# Training Frustrations



## Jackie from Concrete WA (Mar 23, 2015)

For the past couple of weeks, I've been working with Willow to try and get her to follow me on a leash when I think it's time to stop sniffing and move on. I started using the clicker and a treat but gave up on the clicker and am now just using treats. What I do is to call her, "Willow, Let's Go" turn in the direction I want to go and when I feel her start to follow I let her walk alongside of me and then present the treat. I don't treat first and I vary the number of steps I take before presenting a treat. She does this beautifully.

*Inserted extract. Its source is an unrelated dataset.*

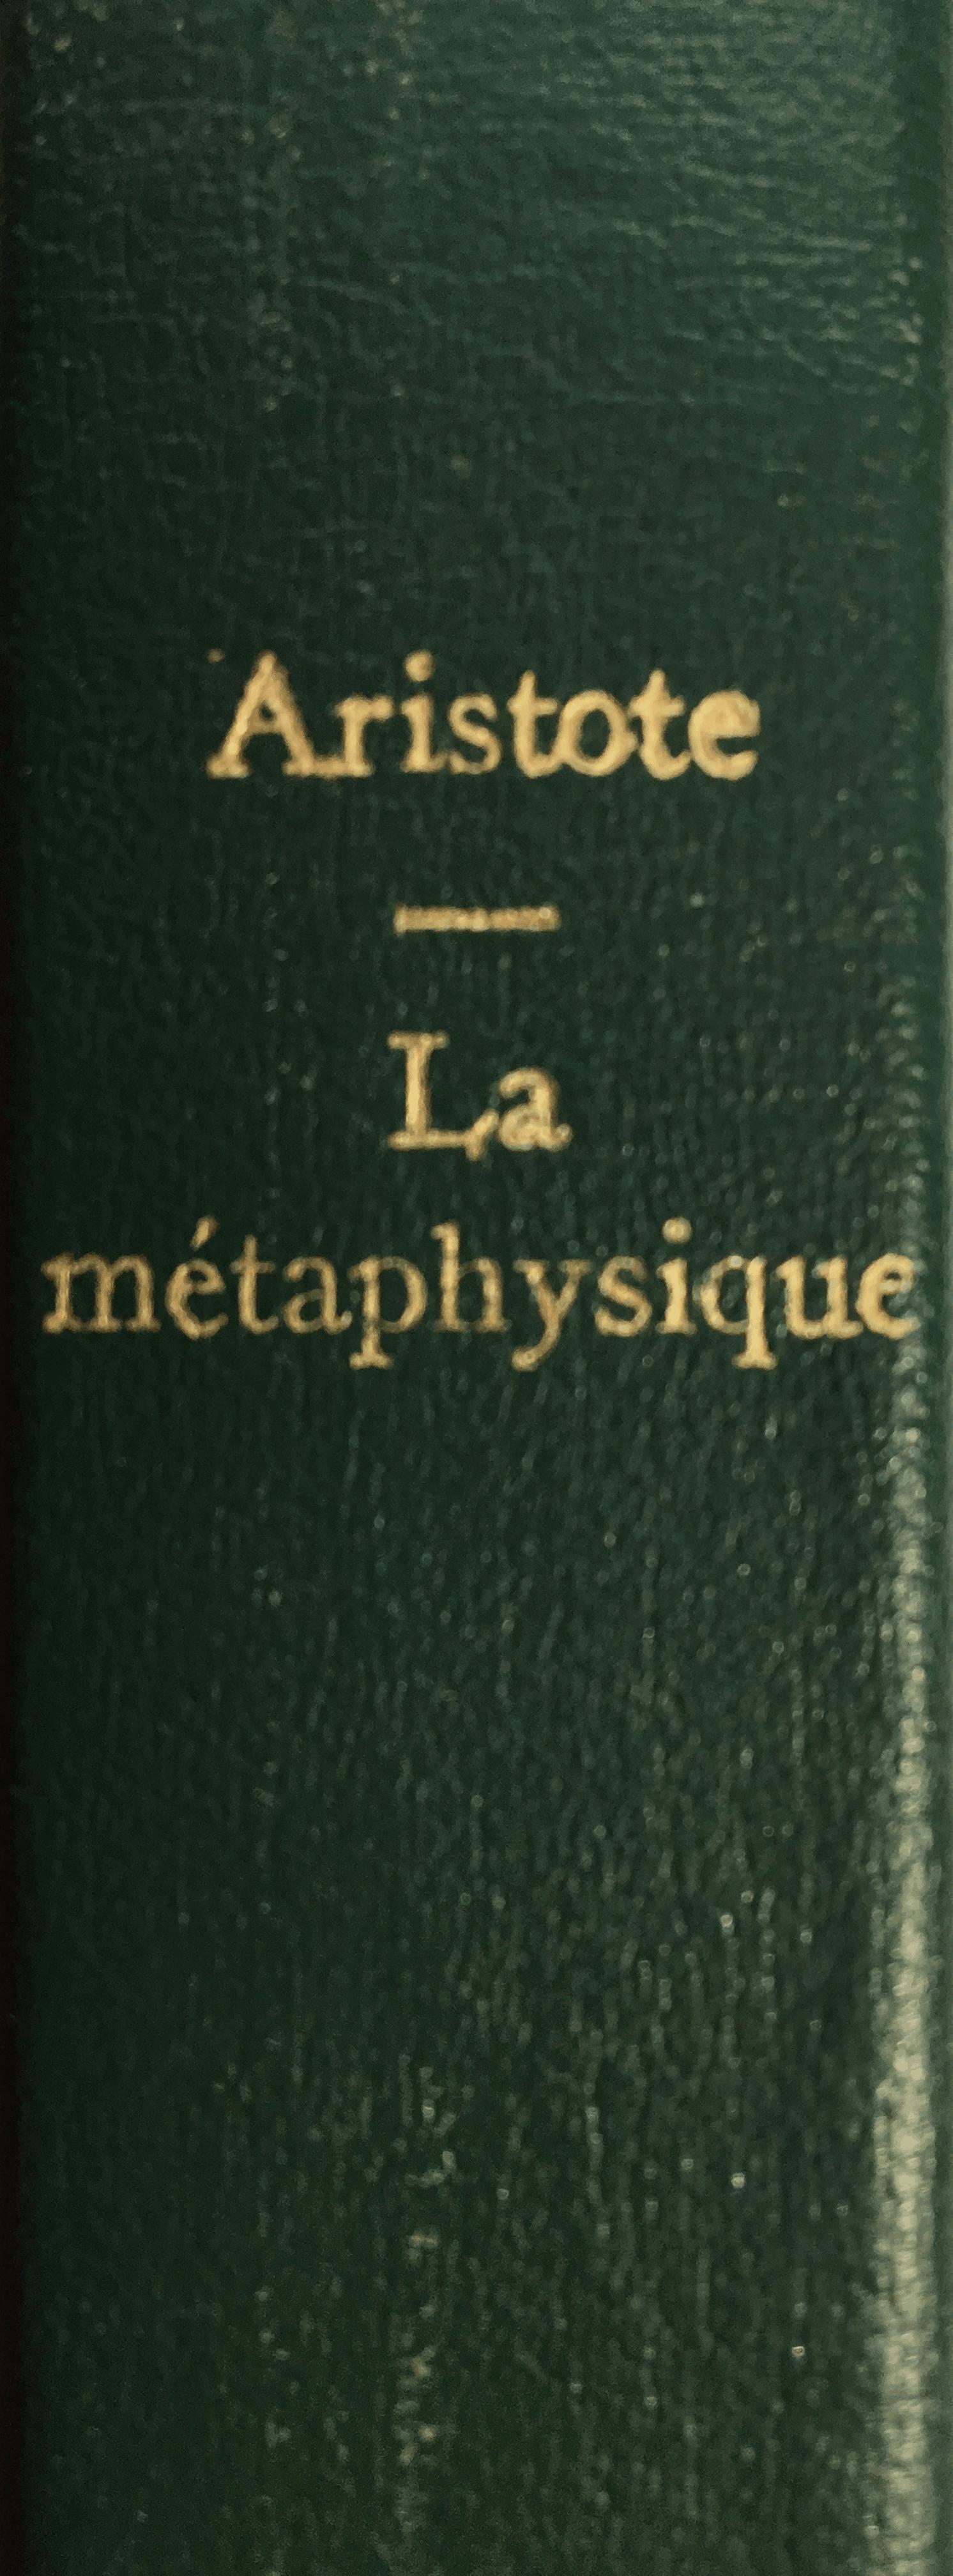 AristoteMétaphysiqueLivreÉpine

She will trot my side and look up at me adoringly :wink2: every time.

My problem is, if she doesn't eventually get a treat, she just stops and basically says, "forget it. You don't have a treat so I'll just plant all four feet and stand her or go do what I want to do." I can't even put my hands in my pockets if they are cold because she thinks I'm getting a treat.

At what point can I expect her to do as I say without a treat? I am really trying to associate the treat with moving forward so I don't really think I'm luring her since I'm waiting for her to present the appropriate behaviour before rewarding. At times I'll hold the treat at waist level while we walk and then give it to her after a number of steps. Sometimes, I'll just give the Willow Let's Go command and after some steps I'll dig in my pocket for the treat. Am I doing this all wrong? :frusty: She's almost perfect as long as she eventually gets a treat.


----------



## davetgabby (Dec 29, 2007)

you've bribed her . try this


----------



## Jackie from Concrete WA (Mar 23, 2015)

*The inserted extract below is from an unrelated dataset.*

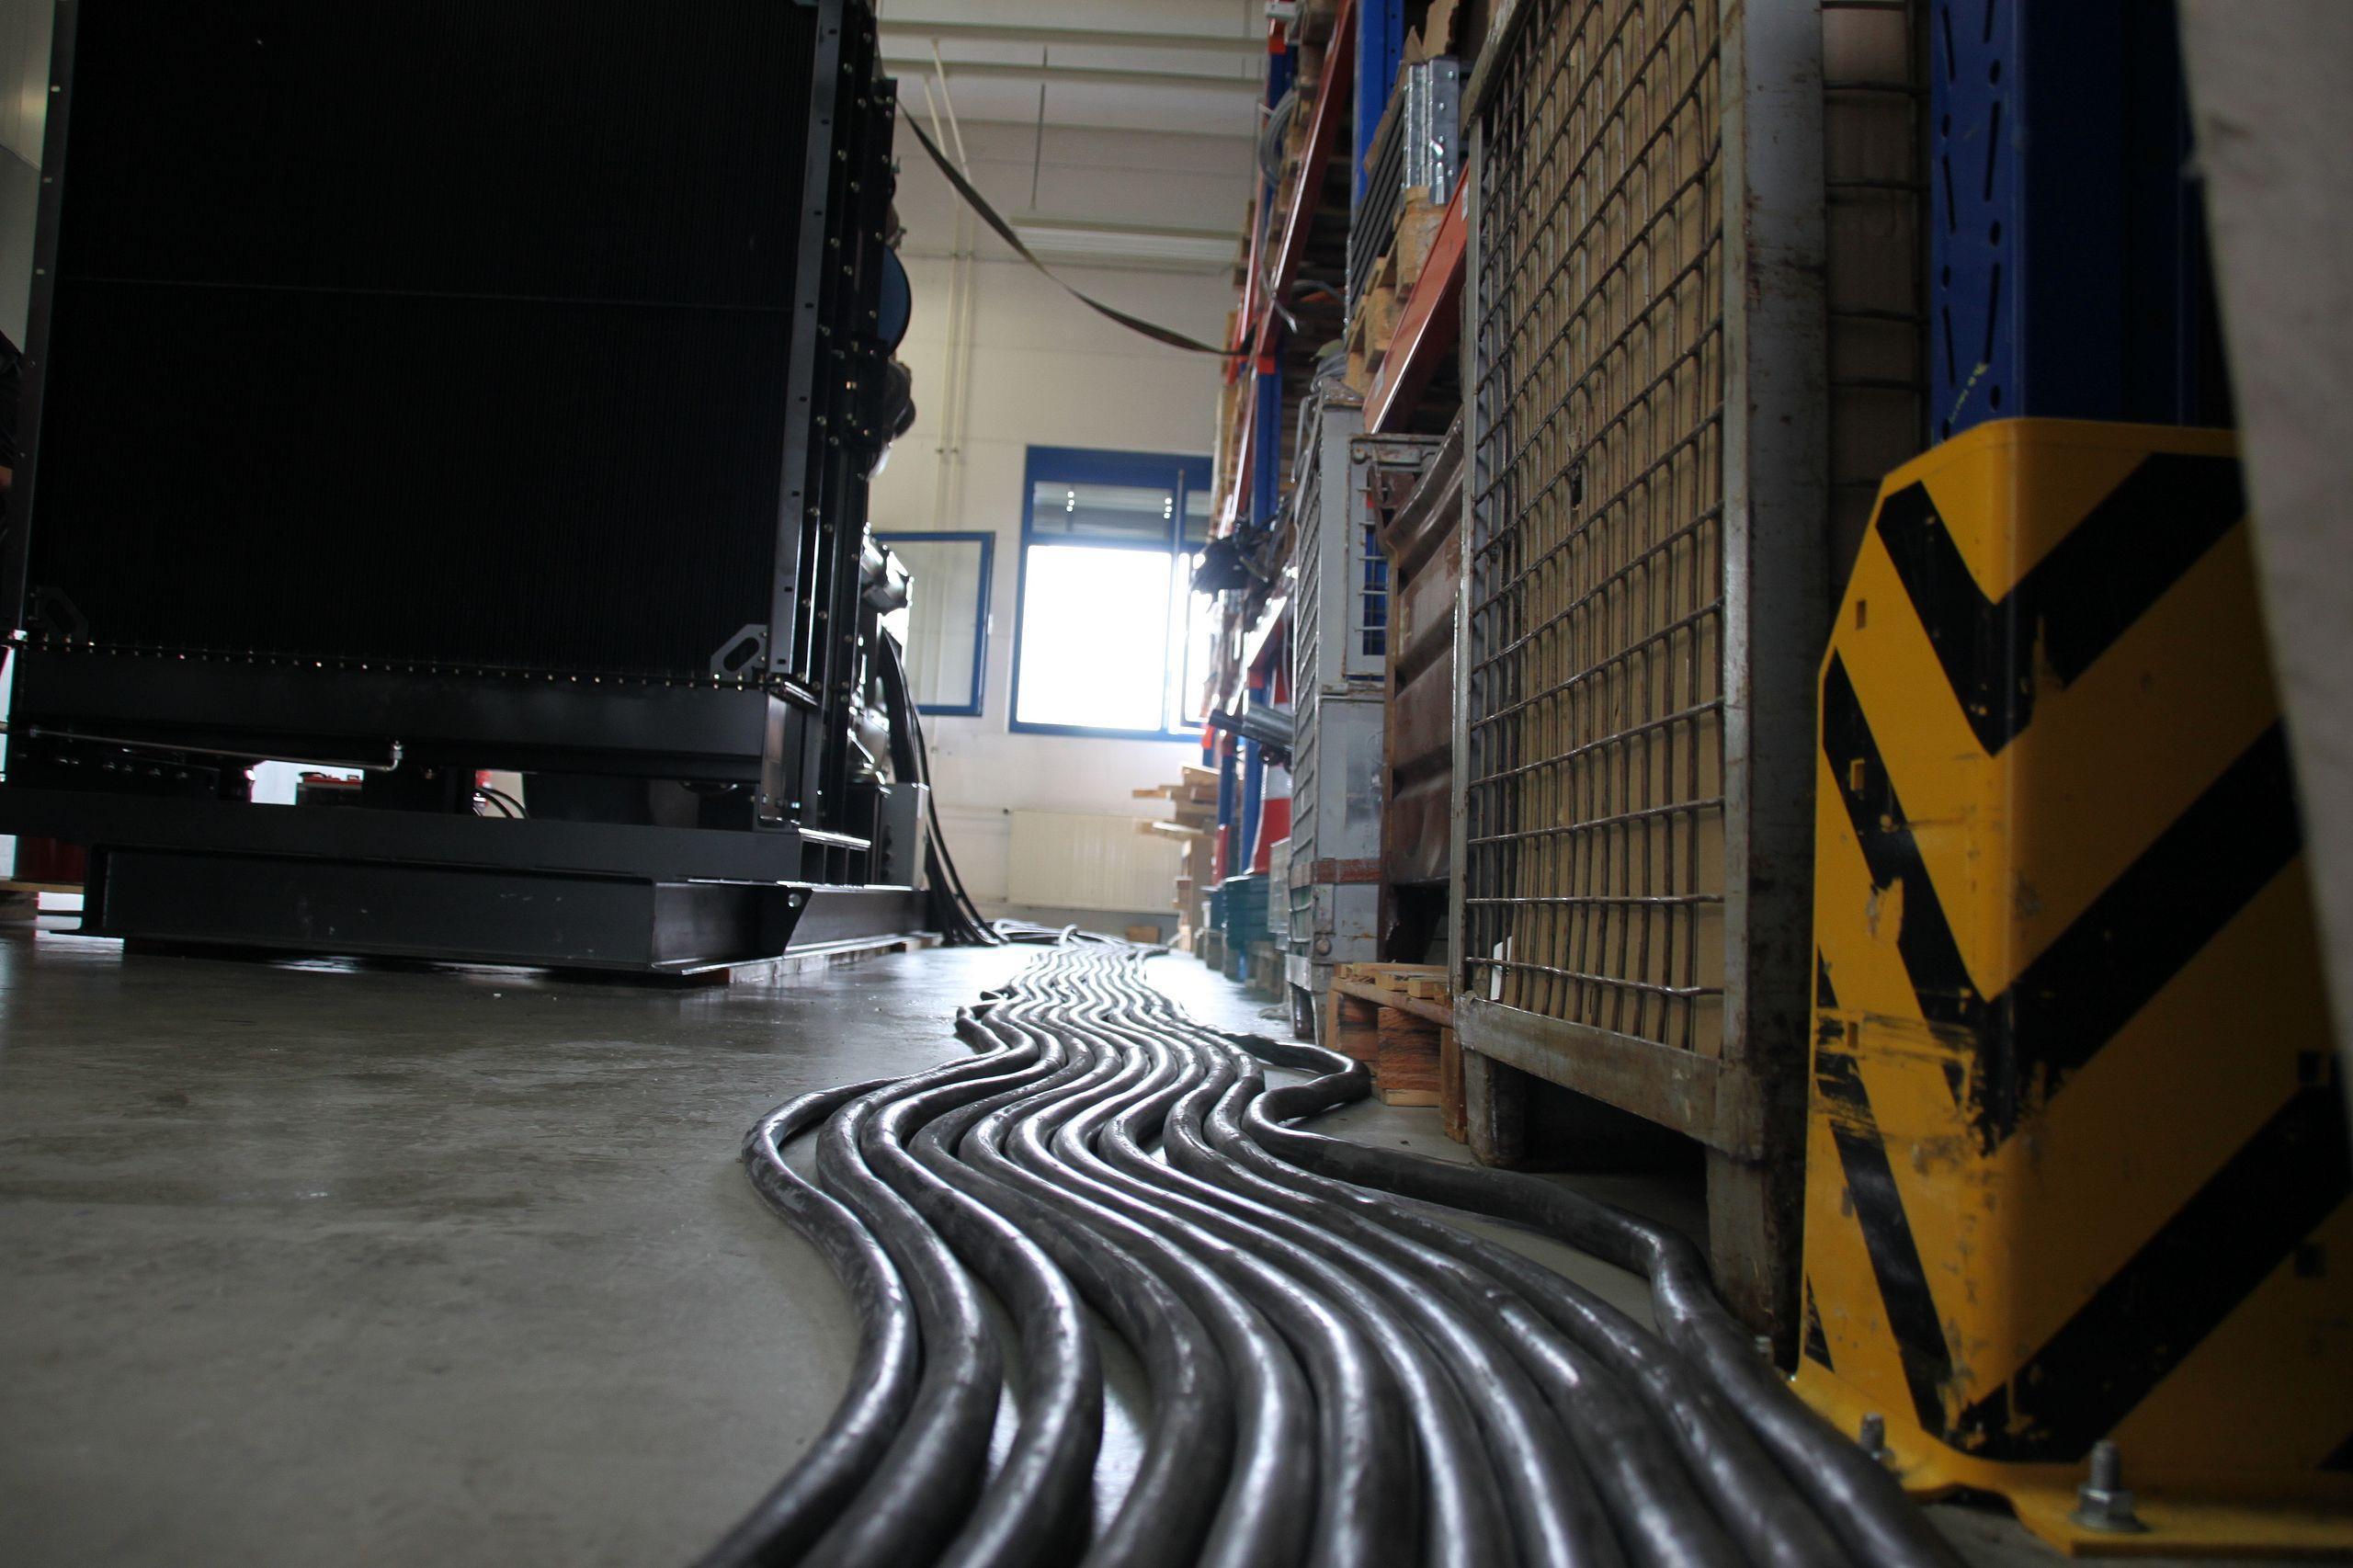 stromerzeuger diesel test | DIN VDE 0100-718 | DIN 6280-13

Thanks Dave. I can't even get Willow to go sniff once I start with the treats. She is so focused on me she won't do anything else. I can't get her to walk on a loose leash unless she goes where she wants to go. If I give a pull or tug, she just plants all four feet. I would be dragging her if I pulled harder. Sometimes she'll even flop over on her back! I call her, "Willow, let's go" and she'll usually respond to that as I have practiced attention to her name with the clicker. When she starts to come and follow me with that command, I'll give a treat. I try to get her to stop focusing on me and go sniff but she continues to focus on me. That's not a bad thing I guess, but I would like her to someday walk with me and stop sniffing on command without a treat. I would like to someday stop using treats and just go for a walk with me like a "normal" dog!


----------



## davetgabby (Dec 29, 2007)

yeah Jackie it can be frustrating. You've likely not faded out your treats when you trained her. This is a COMMON mistake many people make. Please don't let this discourage you. Perhaps a couple of lessons with a trainer can get you back on track . The last thing you want to happen is to give up going for walks.


----------



## Jackie from Concrete WA (Mar 23, 2015)

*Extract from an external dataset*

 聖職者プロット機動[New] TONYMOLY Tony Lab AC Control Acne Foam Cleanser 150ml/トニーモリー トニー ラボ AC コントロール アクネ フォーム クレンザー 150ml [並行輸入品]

Dave, I won't give up. I like walks to much to do that! Willow is really good if we go somewhere new or back in the woods on a trail. I'm really not sure how to "fade out" treats. I know Karen has said people try to stop giving treats way too soon. And then I'm not sure what the differences are between treats for lures, bribes or rewards. They seem all pretty much the same to me. Willow probably is a little better than she was. It's just slow and I want to stop with the treats but "she won't let me". I'll try to find some more videos online and get some advice from those.


----------



## krandall (Jun 11, 2009)

Jackie from Concrete said:


> Dave, I won't give up. I like walks to much to do that! Willow is really good if we go somewhere new or back in the woods on a trail. I'm really not sure how to "fade out" treats. I know Karen has said people try to stop giving treats way too soon. And then I'm not sure what the differences are between treats for lures, bribes or rewards. They seem all pretty much the same to me. Willow probably is a little better than she was. It's just slow and I want to stop with the treats but "she won't let me". I'll try to find some more videos online and get some advice from those.


And not understanding the difference is part of the problem. It does sound like, whether you've meant to or not, you've been "luring" or at least "bribing" Willow with treats. That's COMPLETELY different than "rewarding".

What you have done (even though I understand that you've varied your number of steps) is create a "behavior chain". It goes like this...

*Willow stops
*You cue her to go again (which you shouldn't need to do, because she shouldn't stop until you give her permission)
*She goes a short distance
*You treat

The cycle starts again.

You need to break that pattern by treating BEFORE she stops. If she stops, and really wouldn't go without you dragging her, I'd wait her out. I'd stand there without saying a word, on the end of the leash, until she gets tired of it, and moves on. Then a quick "good girl!!!" Without a cookie reward and move on again. Only after she had gone a significant distance would I praise and treat.

That said, most dogs LIKE going for walks so I'd love to know what's going on that's making her want to stop. I think Dave's suggestion of having good trainer help you a time or two could be very beneficial. The trainer may notice something about what's going on that you haven't, and that could help you a lot.

Finally, I know you said that Willow id giving you good attention while you are walking. I assume you aren't really asking for this? I would actually not encourage it in any way. I know it's cute, but it is physically very demanding for a dog to do "heads up heeling" for any length of time. It's for the trial ring, not for casual walking. If you go for a walk with another person, both of you are looking where you are going, enjoying the scenery, nd occasionally glancing at each other. Even though you don't look at each other much, you can STILL remain close together and at a similar pace. Willow can learn to do that too.

Every once in a while, Kodi (who LOVES to heel) will fall into heeling beside me on a walk. I wave my arm ahead, and say "go be a dog!" that's his cue to do just that... be a dog, and good companion at the same time. I don't allow him to pull, I don't allow him to stop, (except with permission) but I ALSO don't want him in a formal heel.


----------



## davetgabby (Dec 29, 2007)

good stuff Karen.


----------



## Jackie from Concrete WA (Mar 23, 2015)

krandall
What you have done (even though I understand that you've varied your number of steps) is create a "behavior chain". It goes like this...
*Willow stops
*You cue her to go again (which you shouldn't need to do said:


> Karen, the cycle you describe at the beginning of your post is very much what I'm doing. I do treat her BEFORE she stops (although I have to stop in order to reach down to give it to her - and can't seem to get the treat to her while continuing to walk. But it is me, not her, that is stopping). I NEVER treat in order to get her to walk - I only treat AFTER she has responded to my command, "Willow, let's go" and after we have walked for a ways.
> 
> Yes, Willow does pay attention to me while I'm trying to teach her to walk. She almost does look like Kodi in some of the heeling videos you have posted. I don't ask her to do this but she is eager to please because she will know she'll get a treat!
> 
> ...


----------